WHAT THE EXERCISE ASKS:
Write the material out again, line by line, exactly as it is.

MATERIAL PROVIDED:
++++++++++

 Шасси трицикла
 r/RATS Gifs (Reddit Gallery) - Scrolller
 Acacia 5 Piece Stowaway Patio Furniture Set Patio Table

++++++++++

PROBLEM SOLUTION:
 Шасси трицикла
 r/RATS Gifs (Reddit Gallery) - Scrolller
 Acacia 5 Piece Stowaway Patio Furniture Set Patio Table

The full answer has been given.